I held perfectly still. The blade was cold against my neck; my chin tucked into my chest. Hector hummed tunelessly to the song about Freeport. On the tiled floor were the feathered shreds of my hair. I thought of a sheep being shorn, tied up, then trucked off to slaughter.

The clipper switched off.

“My God,” he said, as if amazed.


What?

“I mean, I
thought
you were going to look good, but—Christ—” He started shaking his head.

I made a face. Was he making fun of me? I felt the short stubble with my hand, then asked for a mirror.

“What do you think?” Hector said.

I gripped the mirror in my hand. It was hard not to be repulsed. It made my eyes leap out, the thick brows above them darker, bushier, even demonic. My facial bones looked sharper, more masculine. Could I pull this off? It didn’t jibe at all with the way I knew myself, and I doubted I’d ever get used to it, but
hey.
I liked and hated it at once.

“You’re going to need some sun on that scalp, paleface. Let’s sit in the grass.”

“But—” I looked around for a hat. I might have been standing before him without clothes.

He switched off the Laura Nyro. “Come on, fancy boy,” he said, laughing harder. “We’re going outside.”

We sat on a patch of burnt lawn behind the office. It was a breezy, torporous afternoon. The sun was warm, coiling, boring down into the roots of my scalp. All at once I realized I was high, unbearably high. I lay back down on the grass, laughing quietly, my arms latching behind my head. Above me, wild violet clouds blew in from the Gulf.

Hector turned onto his side, looking at me, propping up his head on his palm. I heard footsteps down the sidewalk heading in our direction. I felt too stalled and contented, too lazy to move.

“Have you seen your brother?” Hector called.

“No,” I said, but then I realized he wasn’t talking to me. I lay flat on my back, staring up at my brother’s blasted face. He attempted to smile, though he couldn’t stop biting into his lip.

“When did you do that?”

“This afternoon,” Hector said, answering for me. “Just a few minutes ago, in fact. I cut it myself.”

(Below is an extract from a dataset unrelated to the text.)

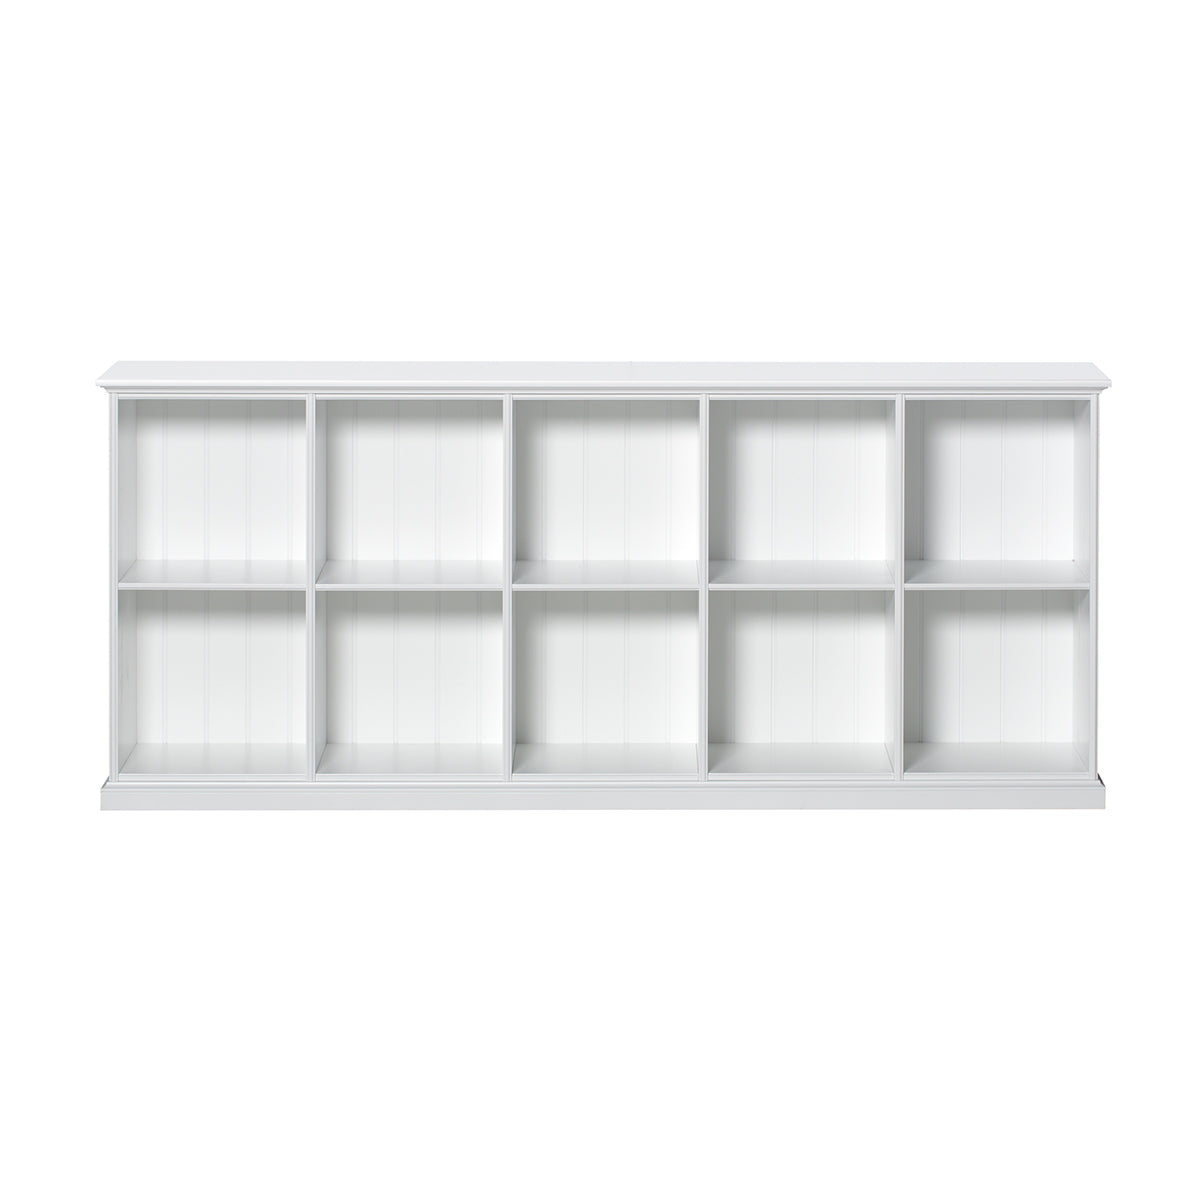 Oliver Furniture Seaside flat shelf with ten compartments, white

The three of us fell silent. My back pinched. I tried to cover my eyes—their hazy red wetness would be sure to give us away. I sat up, wishing I’d worn my shirt, brushing off the blades of dead grass stuck to my shoulders. I looked over at Hector, who seemed amused by it all, a passing glimmer of superiority on his face.

“But why?” Peter said. “Your old haircut looked perfectly fine.”

“Why
not?
” I said.

He shrugged, put off by the hardness in my voice. “It’ll grow back,” he said calmly. “No reason to be upset.” He glanced at Hector, blinked once, then lugged off a hose toward the junction boxes.